In this assignment, you will consider many of the legal concepts addressed in this course and apply them to relevant scenarios.

You are currently a third year law student working as a summer intern for the largest law firm in Atlantic City, New Jersey. Your mentor and senior attorney introduces you to a new client, Ronald Crump, the owner of Crump International, a large multinational organization with diverse businesses in real estate, construction, travel, entertainment, media, and other communication networks. As the owner of this large organization, Crump is looking to your firm to handle all of his legal needs.

You learn the following from your meetings with Crump:

The construction division recently hired a former high-ranking official from the Environmental Protection Agency (EPA) to ensure environmental regulations are followed. Crump is concerned about the EPA's proposed rule that will require the construction division to obtain additional permits and conduct more frequent inspections. The agency published the rule in the Federal Register last week. These new permits will create more work and expense for Crump. The former EPA employee indicated that he knows people at the EPA who might be able to make the proposed rule disappear in exchange for contributions to fund the newly created environmental training facility in California.
The Crump Resort in Allentown, Pennsylvania (CRAP) is being sued by Josie McDonald for premise liability (negligence) and emotional stress due to bedbug bites during her stay at CRAP. Crump maintains that his resort properties are held to the highest standards and that he intends to file a countersuit because McDonald created a blog where she made false statements about the CRAP being infested with bedbugs. McDonald made similar disparaging remarks to the local television station in Allentown.
Crump is famous for his reality show called "The Intern" as well as his favorite phrases "You're Fired" as he sends interns packing and "You're Hired" for those who survive the grueling business boot camp. Crump wants to make sure his phrases are protected from use by others without permission. Crump reminds you that this protection should extend use in the United States and in other countries.
Instead of working for her father, Crump's daughter Erica applied for a position as associate attorney with the firm of Slippe, Faul, & Sioux, a law firm specializing in personal injury law in Atlantic City, New Jersey.

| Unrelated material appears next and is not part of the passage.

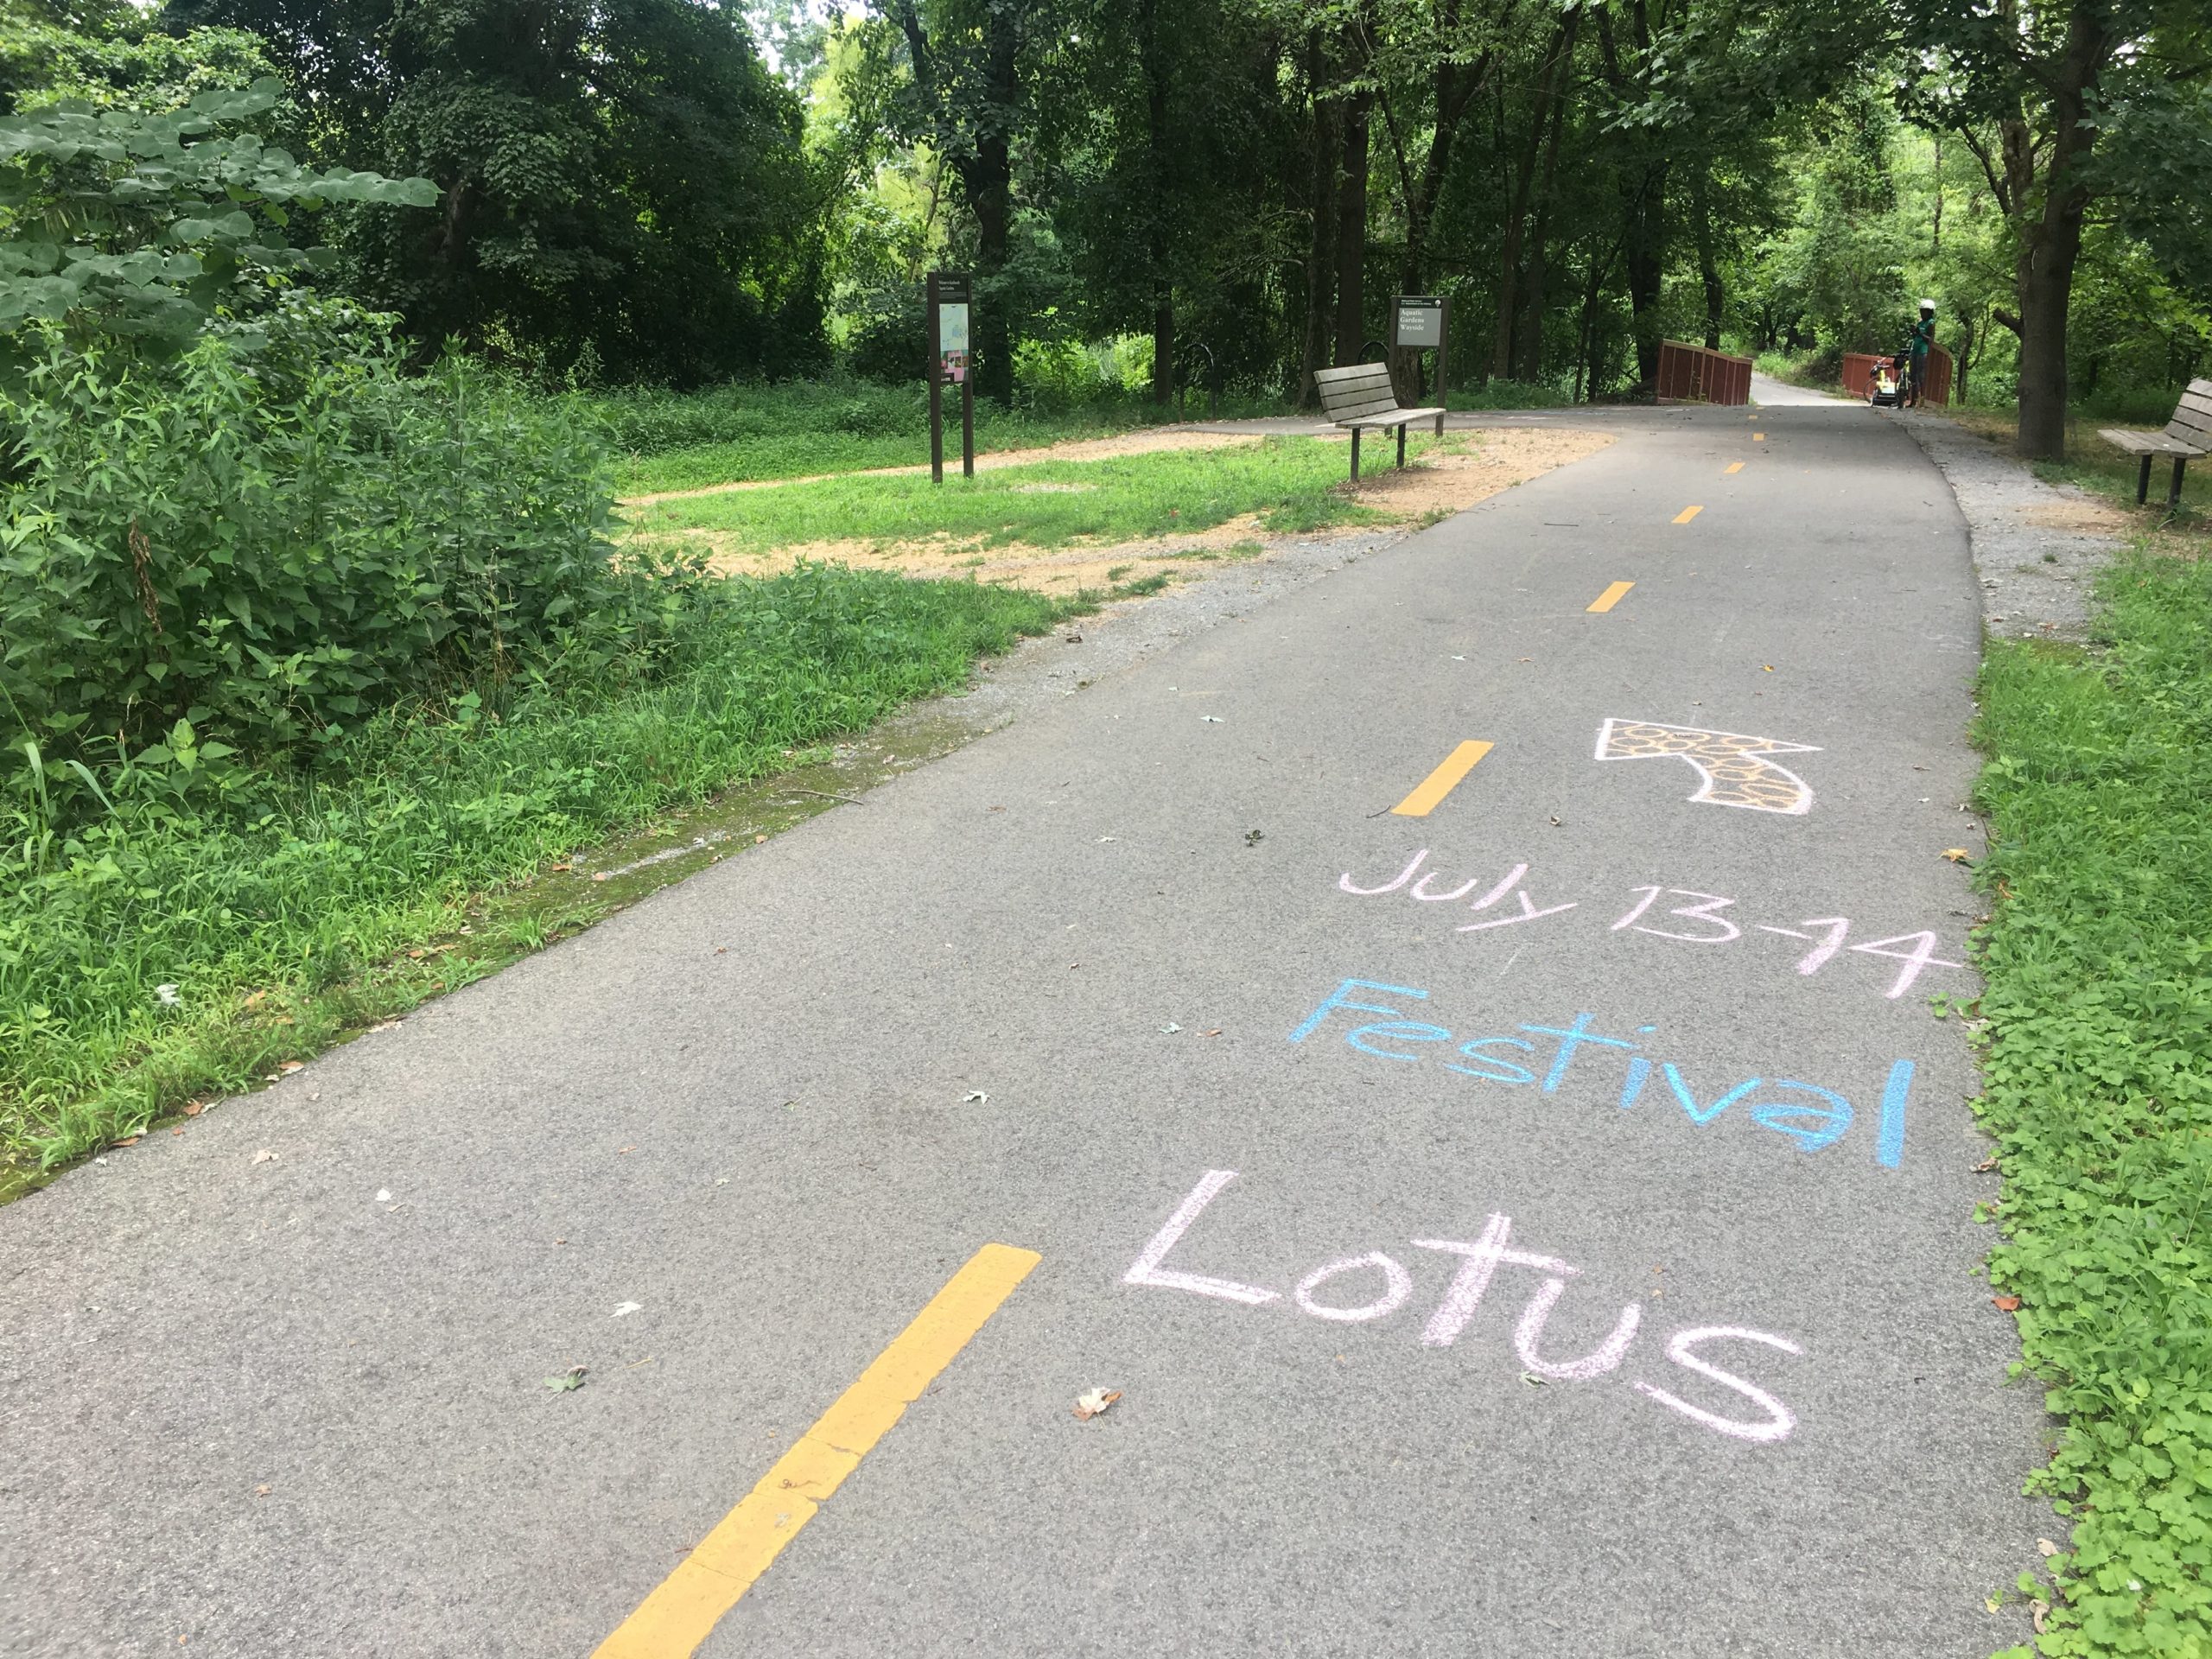 Trail and a gravel entrance. the chalk on the trail reads Lotus Festival with a left arrow to the gravel path. The trail is very green and shaded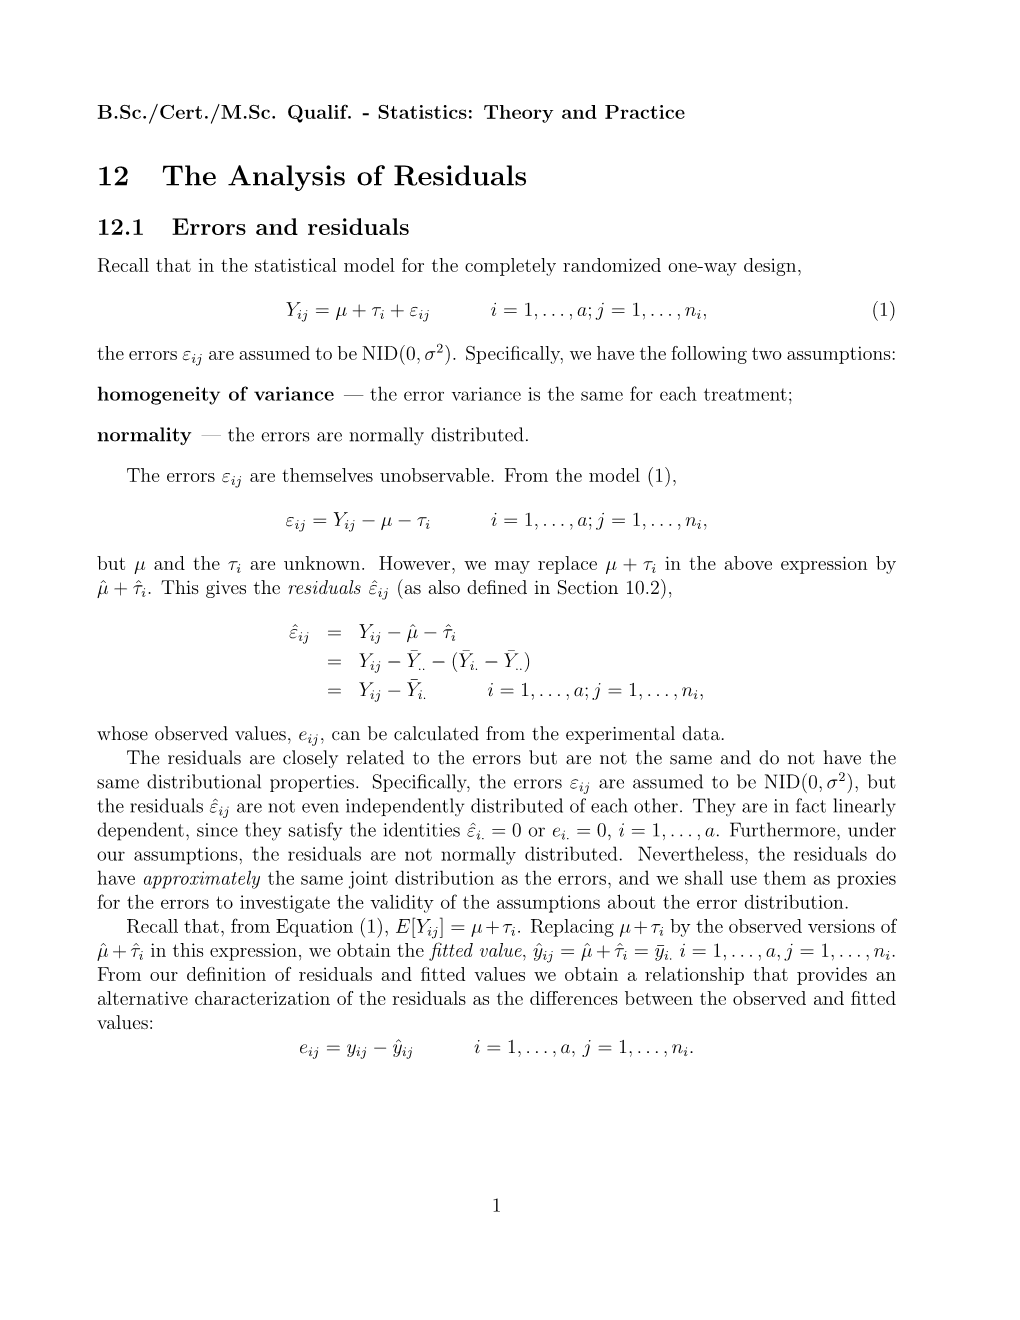 12 the Analysis of Residuals

On September 15, the firm offered Erica an employment contract for one year with a yearly salary of $75,000 starting on October 1. The contract contained the following provisions.
Erica could not be terminated during the term of employment unless she committed an illegal act.
Any disputes would be resolved using mediation selected by the law firm.
Erica would not be permitted to work for any law firm within a 100-mile radius of Atlantic City for two years after leaving the firm.
Erica accepted the job and signed the contract the same day. Erica decided to keep the news secret until she returned from vacation the following week. On September 17, Crump offered to give Slippe all of his legal business related to personal injury if the law firm hired Erica. The firm accepted. When Erica told her father the news about getting the job on September 15, Crump refused to transfer any legal work to the firm. The law firm filed a suit against Crump, citing the parties had a contract. When Erica showed up for work on October 1, the law firm informed her that they no longer needed her services. One week later, Erica found another job with Tweady & Byrd, a firm specializing in entertainment law located about five miles from Slippe, Faul, & Sioux.
Mark Holmes, a director in the real estate division, met with Ben Franklin, 80-years-old, about purchasing a large tract of land owned by Franklin in New Jersey. Crump International planned to bulldoze the acreage to create a new golf resort. During the meeting, Holmes noticed several brochures about Alzheimer's as well as several prescription bottles sitting on the table. After discussing the good old days for several hours, Holmes and Franklin agreed on the sale of the land for $1,500,000. Since Holmes brought a blank copy of a contract with him, he helped Franklin complete the paperwork and both parties signed. Unbeknownst to either party, the purchase price was written as $150,000. On the day before the closing, Holmes called Franklin to remind him of the location. Holmes said he didn't know anything about selling that land and he had no intention of selling his land to some big city slicker.
Based on the scenario, create a 8- to 9-page Microsoft Word document. The document should serve as an interoffice memorandum to the firm's senior attorney. In addition, the document should address the following and any others issues you may discover:

What happens when a government agency proposes a rule? What would you recommend Crump do in response to the EPA's proposed rule that was published last week?
Should Crump make a contribution to the environmental training center? Why or why not?
Will Crump win the negligence lawsuit filed by McDonald? Why?
Should Crump file the countersuit for the blog and remarks McDonald made on television? If yes, on what basis? If not, why not?
Are the phrases "You're Fired" and "You're Hired" considered intellectual property? If yes, what type? If not, why not? Are there any issues with protecting these phrases in the U.S. and in foreign countries?
What is the status of the employment contract between Erica and Slippe, Faul, & Sioux?
Will the noncompete provision be enforceable? Why or why not?
What is the status of the agreement between Crump and Slippe, Faul, & Sioux?
Do Holmes and Franklin have a valid contract? What are the basic requirements for contract formation? What defects in the contract formation process may have occurred?
In addition to the above, identify the legal issue, information that may be missing in order to provide an appropriate answer, and possible solutions. Also, address any potential ethical issues that you identify.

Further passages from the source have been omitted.